Geneva – A 64 -year -old man remained disappeared Thursday after a huge mass of rock and ice cream of a glacier crashed in a Swiss mountain flank the day before.
The landslide sent plumes of dust to the sky and covered with mud almost a whole alpine village that the authorities had evacuated earlier this month as a precaution. State Councilor Stéphane Ganzer said on Radio Television Switzerland that 90% of the village had been destroyed.
“An incredible quantity of equipment has tripped in the valley,” said the reuters news agency quotes Matthias Ebener, a spokesperson for local authorities.
Pomona Media / Handout via Reuters
“We have lost our village,” said the mayor of Blatten Matthias Bellwald at a press conference, according to Reuters. “The village is under rubble. We will rebuild.”
Keystone-SDA via Reuters
The Cantonal Police in Valais said that a research and rescue operation was underway for the missing man, whose name was not made public, and that he involved a drone with a thermal camera.

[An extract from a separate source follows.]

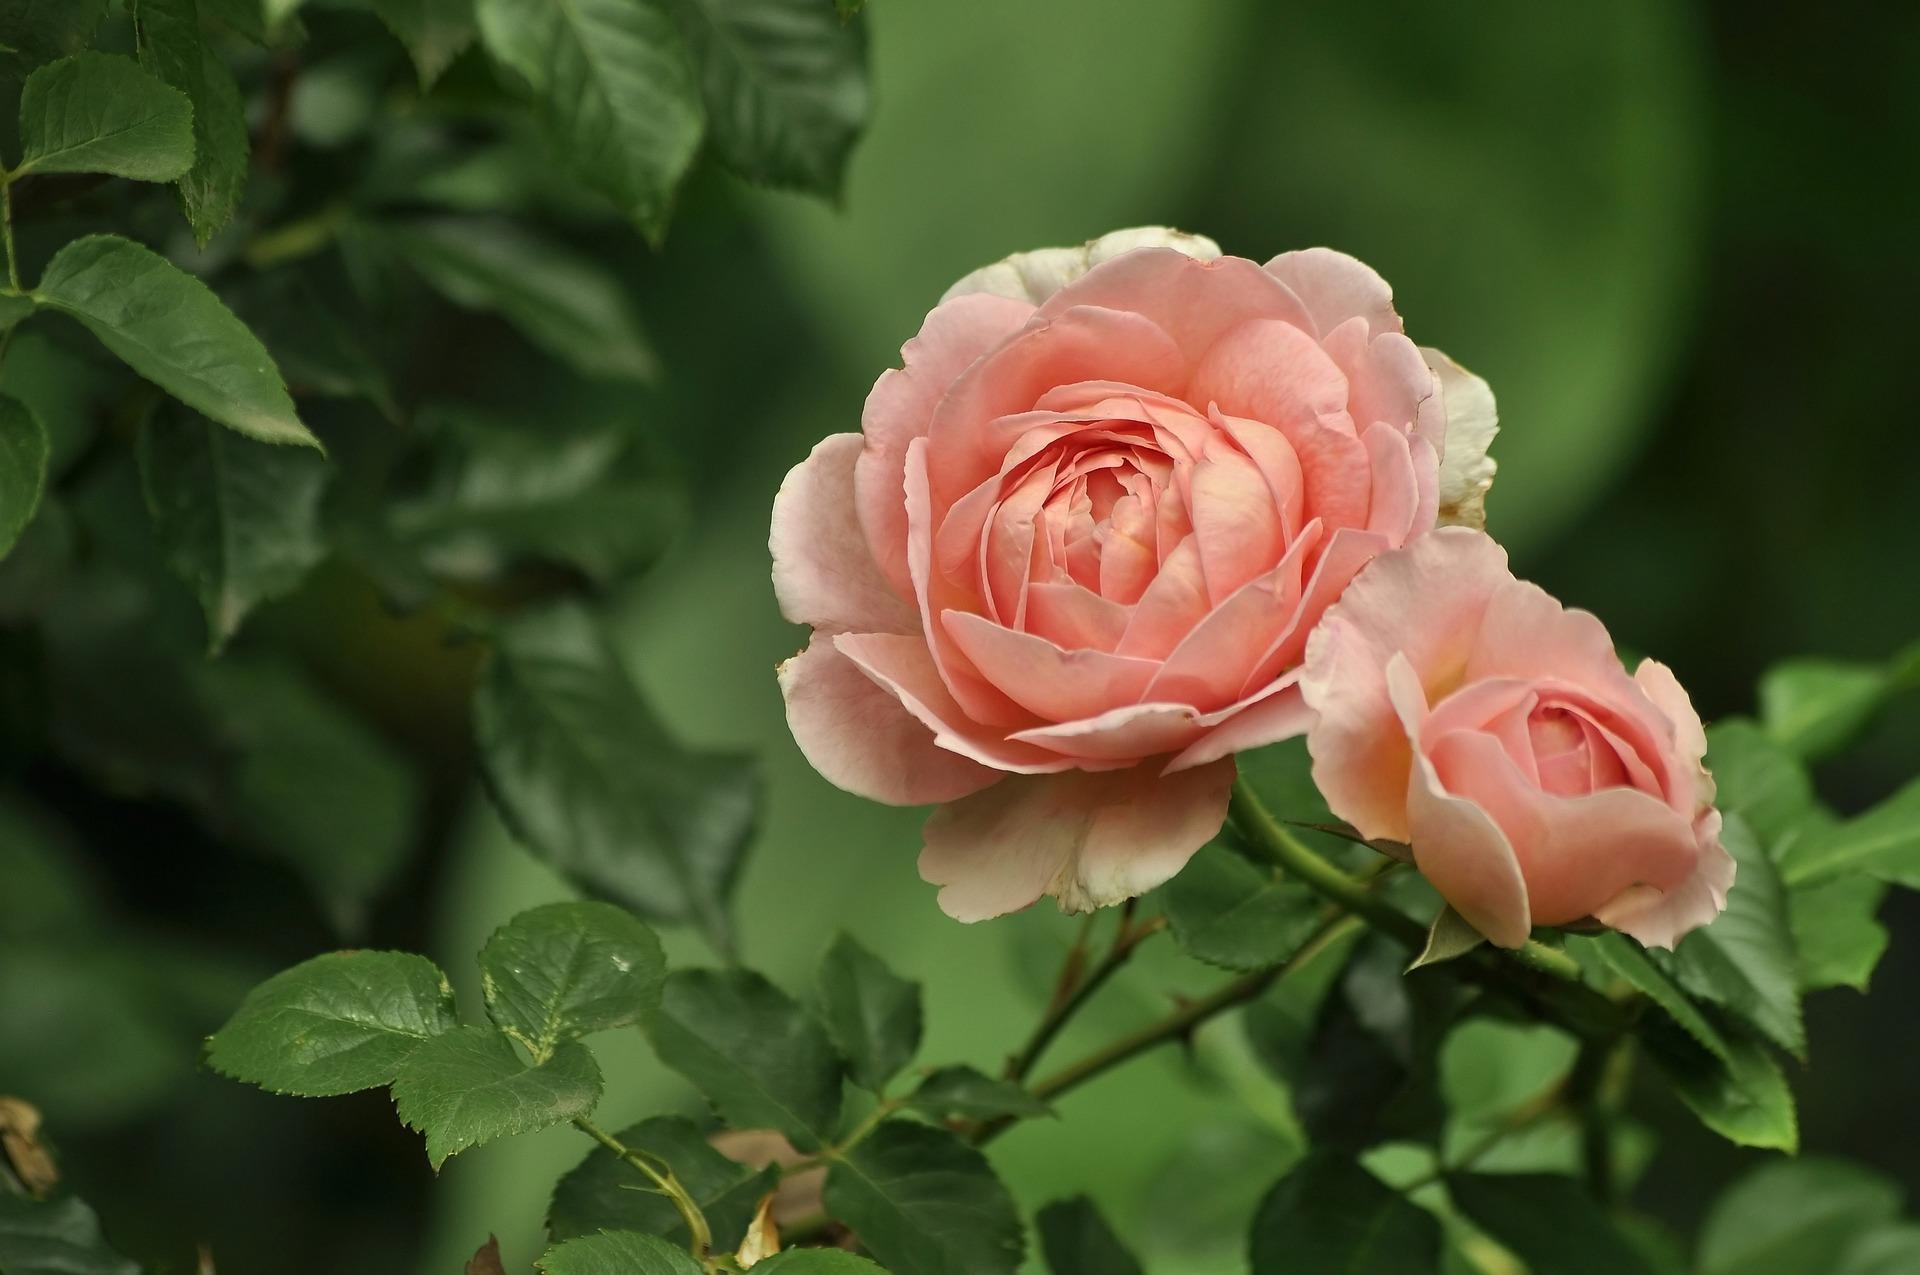 flowers-4352530_1920

The regional government declared in a press release that a large piece of the birch glacier above the village had broken, causing the landslide, which also buried the Lonza river bed, which raises the possibility of water flows in Dammeuse.
Video on social networks and Swiss television showed that the mud flow near Blastten, in the southern valley of Lötschental, partially submerged houses and other buildings under a mass of brownish sludge.
In recent days, the authorities had ordered the evacuation of around 300 people, as well as all the cattle, from the village in the middle of the fears that the 52 million cubic foot glacier is likely to collapse.
Swiss glaciologists have repeatedly expressed concerns concerning a thaw in recent years – largely attributed to global warming – Who accelerated the retreat of glaciers in Switzerland.
The Alpine Country without coastline has the most glaciers from all European countries and saw 4% of its total volume of glaciers disappear in 2023. It was the second drop in a single year after a drop of 6% in 2022.